Ferguson grinned broadly. "Well, now," he said, unable to keep his pleasure over her evident dislike of the Two Diamond man from showing in his eyes and voice, "that's cert'nly too bad. An' to think he's wastin' his time—ridin' over here."
She gazed at him with steady, unwavering eyes. He could still remember the challenge in them. "Be careful that you don't waste your time!" was her answer.
"I reckon I won't," was his reply, as he climbed into the saddle. "But
I won't be comin' over here to see your brother!"
"Oh, dear!" she said, "I call that very brazen!"
But when he had spurred his pony down through the crossing of the river he had turned to glance back at her. And he had seen a smile on her face. As he rode now he went over this conversation many times, much pleased with his own boldness; more pleased because she had not seemed angry with him.
It was late in the morning when he caught sight of the Two Diamond ranch buildings, scattered over a great basin through which the river flowed. Half an hour later he rode up to the ranchhouse and met Stafford at the door of the office. The manager waved him inside.
"I'm two days late," said Ferguson, after he had taken a chair in the office. He related to Stafford the attack by the rattler. The latter showed some concern over the injury.
"I reckon you didn't do your own doctorin'?" he asked.

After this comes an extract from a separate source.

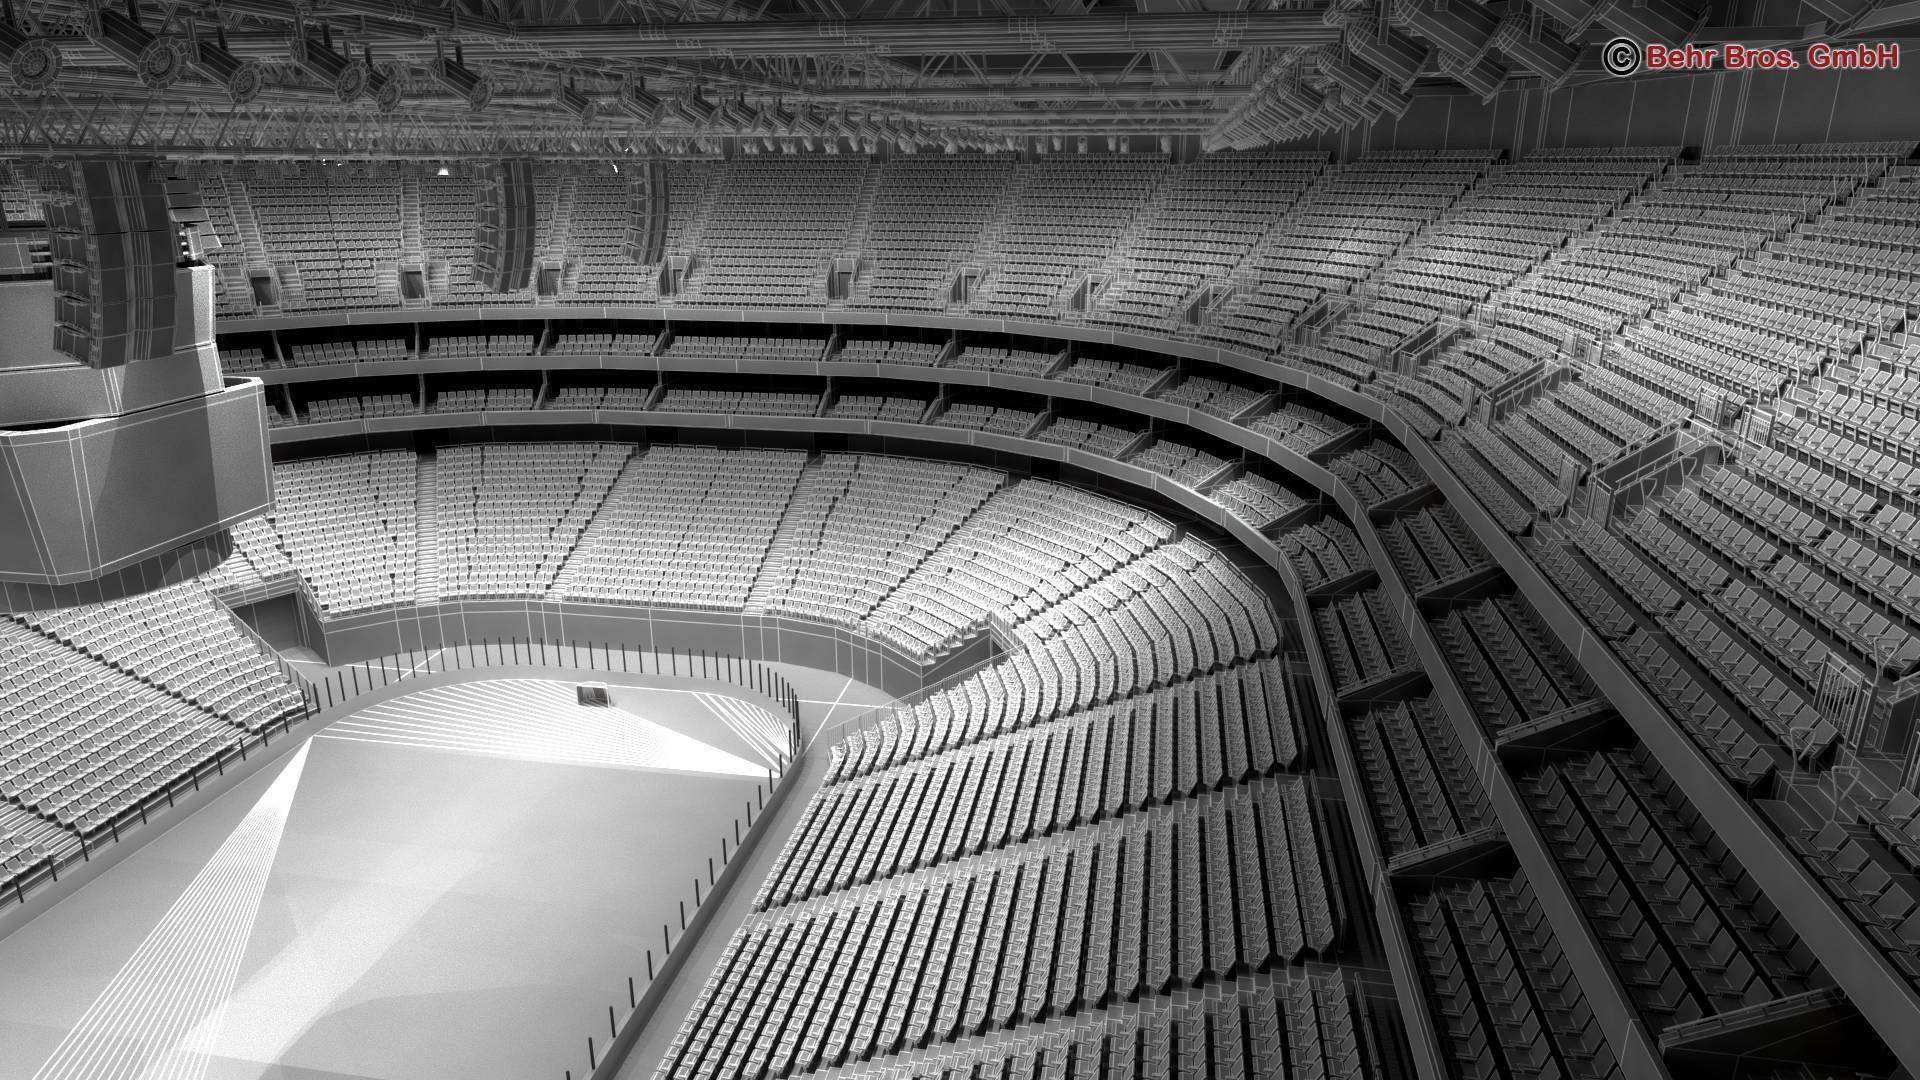 мөсөн хоккейн талбай V2 3d загвар 3ds max fbx c4d 251665

Ferguson told him of the girl. The manager's lips straightened. A grim humor shone from his eyes.
"You stayed there over night?" he questioned.
"I reckon I stayed there. It was in a cabin down at a place which I heard the girl say was called 'Bear Flat.' I didn't ketch the name of the man."
Stafford grinned coldly. "I reckon they didn't know what you was comin' over here for?"
"I didn't advertise," returned Ferguson quietly.
"If you had," declared Stafford, his eyes glinting with a cold amusement, "you would have found things plum lively. The man's name is Ben Radford. He's the man I'm hirin' you to put out of business!"
For all Stafford could see Ferguson did not move a muscle. Yet the news had shocked him; he could feel the blood surging rapidly through his veins. But the expression of his face was inscrutable.
"Well, now," he said, "that sure would have made things interestin'. An' so that's the man you think has been stealin' your cattle?" He looked steadily at the manager. "But I told you before that I wasn't doin' any shootin'."